Deep Fiducial Inference
This work addresses a computational bottleneck in statistical inference for researchers in fields requiring complex fiducial methods, representing an incremental improvement over existing MCMC-based approaches.
The paper tackles the computational challenge of extracting generalized fiducial distributions in complex scenarios by proposing a fiducial autoencoder (FAE) combined with an approximate fiducial computation (AFC) algorithm, resulting in effective inverse solutions and excellent coverage performance as shown in numerical experiments.

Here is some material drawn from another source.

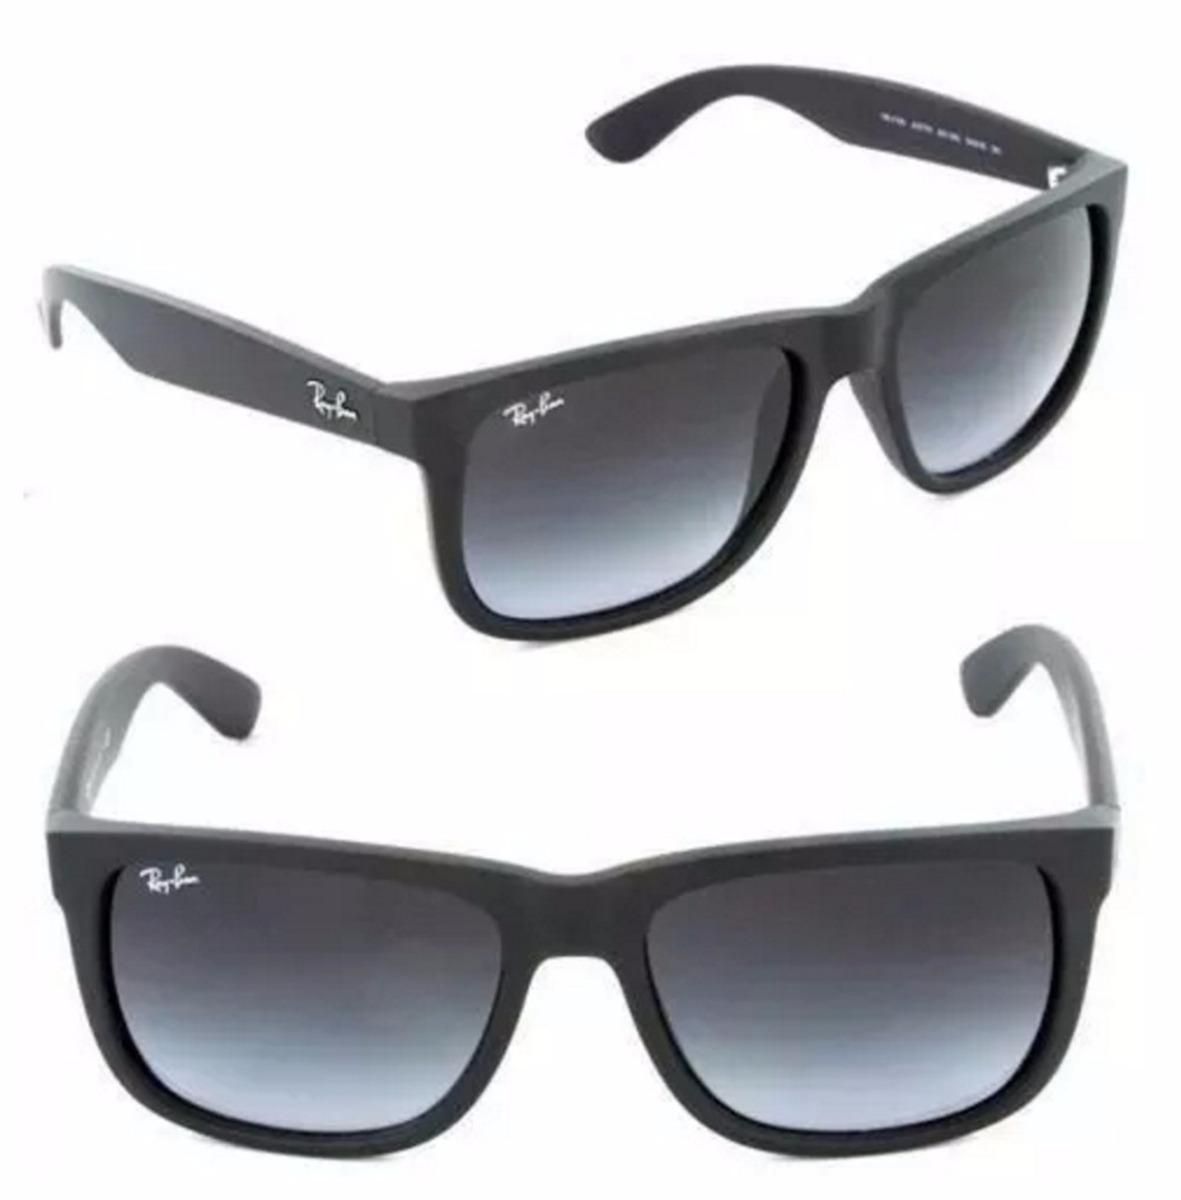 46a17869e6b90 óculos ray ban justin preto degrade orignal rb4165 622 t3 po. Carregando  zoom.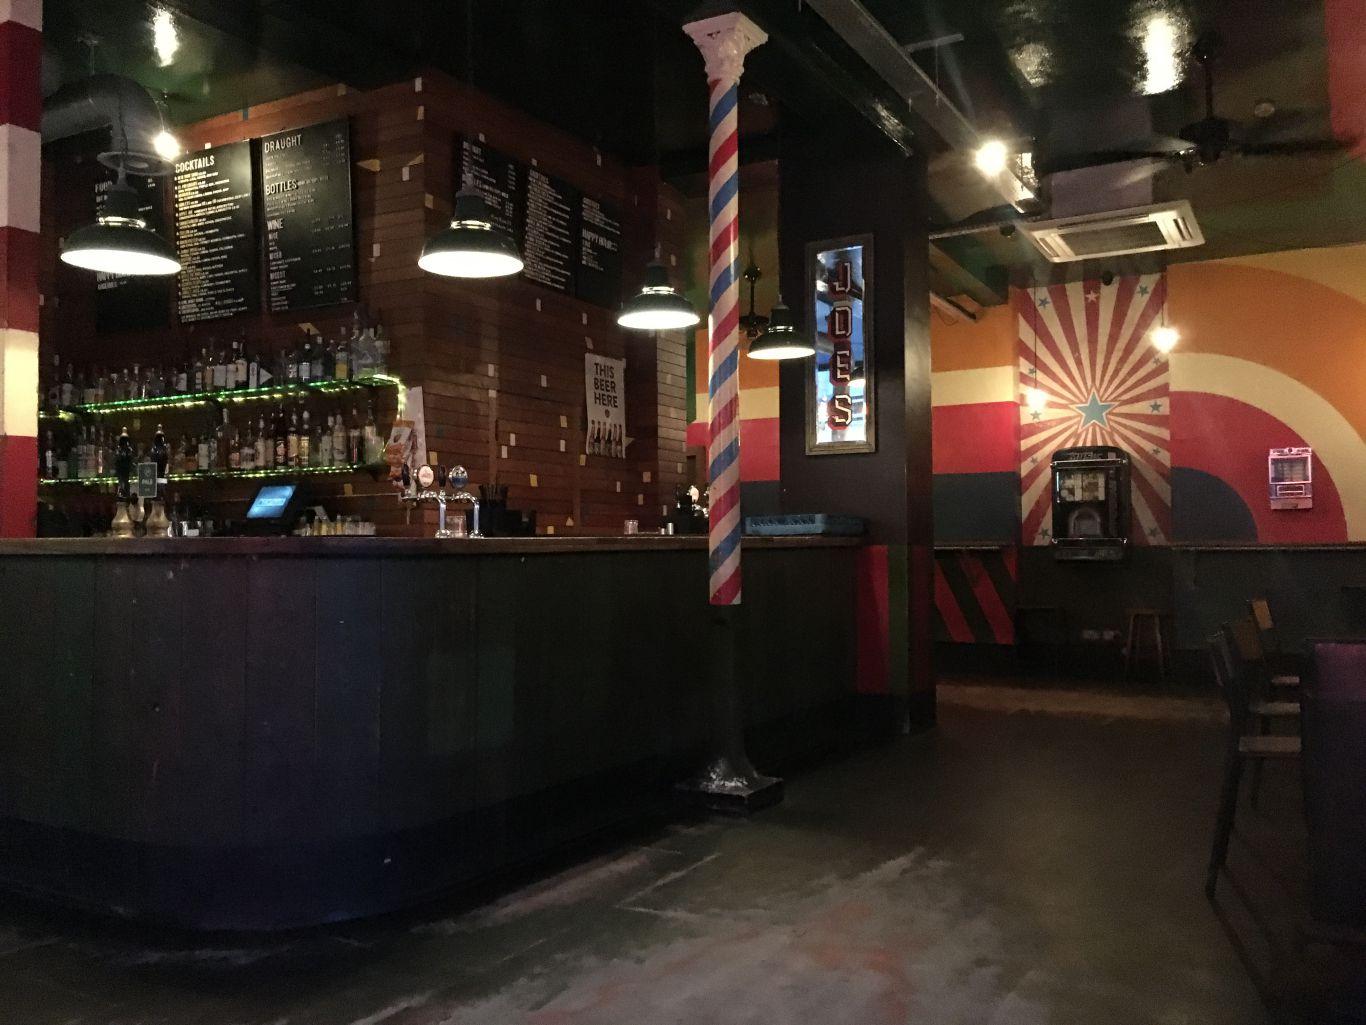 A useful late-night bar whatever the day of the week. Photo: Joe's

Since the mid-2000s, there has been a resurrection of interest in modern modifications of fiducial inference. To date, the main computational tool to extract a generalized fiducial distribution is Markov chain Monte Carlo (MCMC). We propose an alternative way of computing a generalized fiducial distribution that could be used in complex situations. In particular, to overcome the difficulty when the unnormalized fiducial density (needed for MCMC), we design a fiducial autoencoder (FAE). The fitted autoencoder is used to generate generalized fiducial samples of the unknown parameters. To increase accuracy, we then apply an approximate fiducial computation (AFC) algorithm, by rejecting samples that when plugged into a decoder do not replicate the observed data well enough. Our numerical experiments show the effectiveness of our FAE-based inverse solution and the excellent coverage performance of the AFC corrected FAE solution.